Leases. In February 2016, the FASB issued ASU 2016-02, “Leases (Topic 842)”. The main difference between current lease accounting and Topic 842 is the recognition of right-to-use assets and lease liabilities by lessees for those leases classified as operating leases under current accounting guidance. Lessees, such as the Company, will need to recognize a right-of-use asset and a lease liability for virtually all of their leases, other than leases that meet the definition of a short-term lease. The liability will be equal to the present value of lease payments. The asset will be based on the liability, subject to adjustment, such as for initial direct costs. For income statement purposes, the Topic 842 retains a dual model, requiring leases to be classified as either operating or finance. Operating leases will result in straight-line expense, while finance leases will result in a front-loaded expense pattern, similar to current capital leases. Classification of operating and finance leases will be based on criteria that are largely similar to those applied in current lease guidance, but without the explicit thresholds. The new guidance is effective for fiscal years beginning after December 2018. The new guidance must be adopted using a modified retrospective transition, and provides for certain practical expedients. Transition will require application of the new guidance at the beginning of the earliest comparative period presented. The Company has started evaluating its current lease contracts. The Company has not determined the amount of impact on its Condensed Consolidated Financial Statements, but it anticipates an increase in the recognition of right-of-use assets and lease liabilities.

Investments. In March 2016, the FASB issued ASU 2016-07, "Investments-Equity Method and Joint Ventures; Simplifying the Transition to the Equity Method of Accounting (Topic 323)." The amendments in ASU 2016-07 eliminate the requirement to retroactively adopt the equity method of accounting for a qualifying equity method investment. ASU 2016-07 requires equity method investors to add the cost of acquiring the additional interest in the investee to the current basis of the investor's previously held interest and adopt the equity method of accounting as of the date the investment becomes qualified for equity method accounting. The amendments in this ASU are effective for the fiscal years and interim periods within those fiscal years, beginning after December 15, 2016. The Company does not believe this ASU will have any effect on its Condensed Consolidated Financial Statements.

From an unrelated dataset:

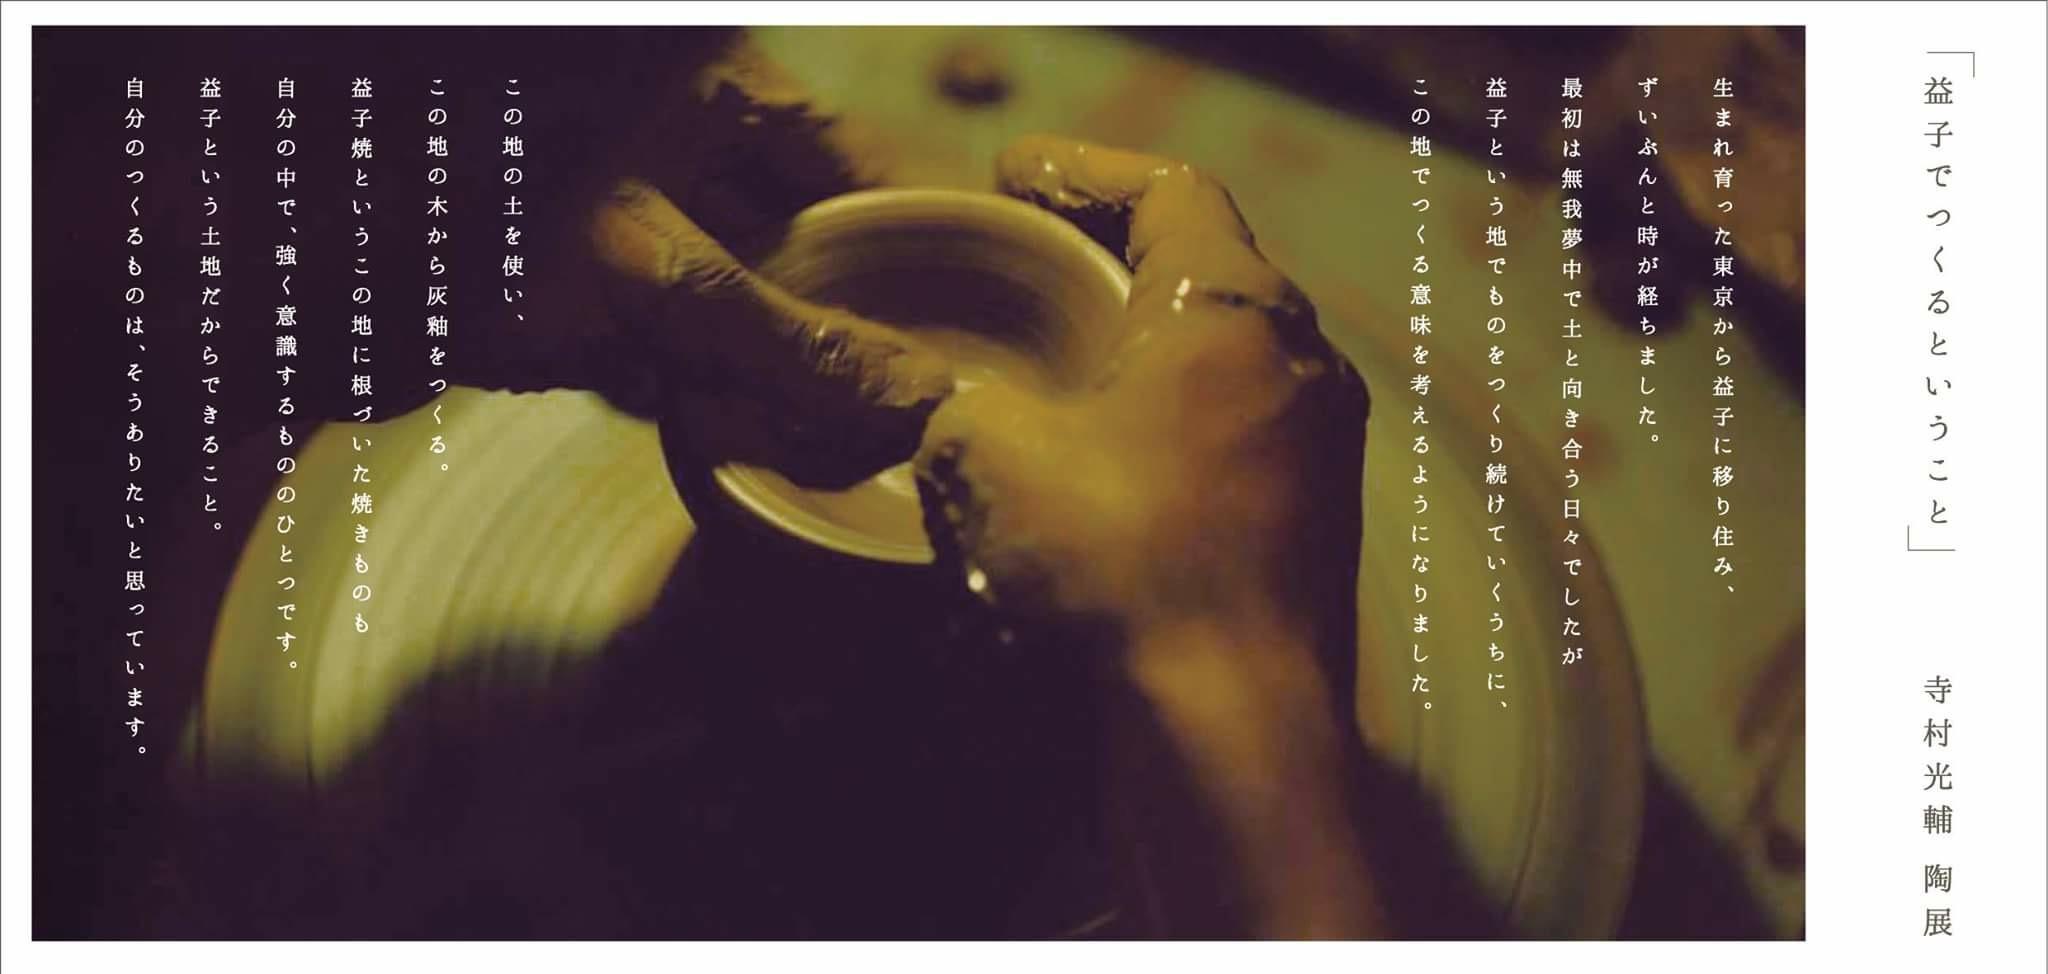 『益子でつくるということ』寺村光輔 陶展 2016.7.23(土)-30(土)_e0190453_15204078.jpg

Employee Share Based Payment Accounting. In March 2016, the FASB issued ASU 2016-09, "Improvements to Employee Share Based Payment Accounting," which amends ASC Topic 718, Compensation - Stock Compensation. ASU 2016-09 includes provisions intended to simplify various aspects related to how share based payments are accounted for and presented in the financial statements. The new guidance among other requirements will require all of the tax effects related to share based payments at settlement (or expiration) to be recorded through the income statement. Currently, tax benefits in excess of compensation cost (“windfalls”) are recorded in equity, and tax deficiencies (“shortfalls”) are recorded in equity to the extent of previous windfalls, and then to the income statement. This change is required to be applied prospectively to all excess tax benefits and tax deficiencies resulting from settlements after the date of adoption of the ASU 2016-09. Under the new guidance, the windfall tax benefit will be recorded when it arises, subject to normal valuation allowance considerations. This change is required to be applied on a modified retrospective basis, with a cumulative effect adjustment to opening retained earnings. All tax related cash flows resulting from share based payments are to be reported as operating activities on the statement of cash flows, a change from the current requirement to present windfall tax benefits as an inflow from financing activities and an outflow from operating activities. Either prospective or retrospective transition of this provision is permitted. ASU 2016-09 is effective for annual reporting periods beginning after December 15, 2016, and interim periods within that reporting period. Early adoption will be permitted in any interim or annual period, with any adjustments reflected as of the beginning of the fiscal year of adoption. The Company has not determined the impact on its Condensed Consolidated Financial Statements, however, the impact is not expected to be material.


12



Financial Instruments-Credit Losses. In June 2016, the FASB issued ASU No. 2016-13, “Financial Instruments-Credit Losses: Measurement of Credit Losses on Financial Instruments.” The amendment in this update requires entities to measure all expected credit losses of financial assets held at a reporting date based on historical experience, current conditions, and reasonable and supportable forecasts in order to record credit losses in a more timely matter. ASU 2016-13 also amends the accounting for credit losses on available-for-sale debt securities and purchased financial assets with credit deterioration. The standard is effective for interim and annual reporting periods beginning after December 15, 2019, although early adoption is permitted for interim and annual periods beginning after December 15, 2018. The Company does not believe this ASU will have any effect on its Condensed Consolidated Financial Statements.

3.
Investment in Unconsolidated Affiliate and Related Party Transactions

On March 14, 2013, the Company entered into a Master Formation Agreement with the ArcLight group and CenterPoint pursuant to which the Company, the ArcLight group and CenterPoint agreed to form Enable to own and operate the midstream businesses of the Company and CenterPoint that was initially structured as a private limited partnership. This transaction closed on May 1, 2013.
Pursuant to the Master Formation Agreement, the Company and the ArcLight group indirectly contributed 100 percent of the equity interests in Enogex LLC to Enable. The Company determined that its contribution of Enogex LLC to Enable met the requirements of being in substance real estate and was recorded at historical cost.
In April 2014, Enable completed an initial public offering of 25.0 million common units resulting in Enable becoming a publicly traded Master Limited Partnership. At September 30, 2016, the Company owned 111.0 million common units, or 26.3 percent of which 68.2 million units were subordinated.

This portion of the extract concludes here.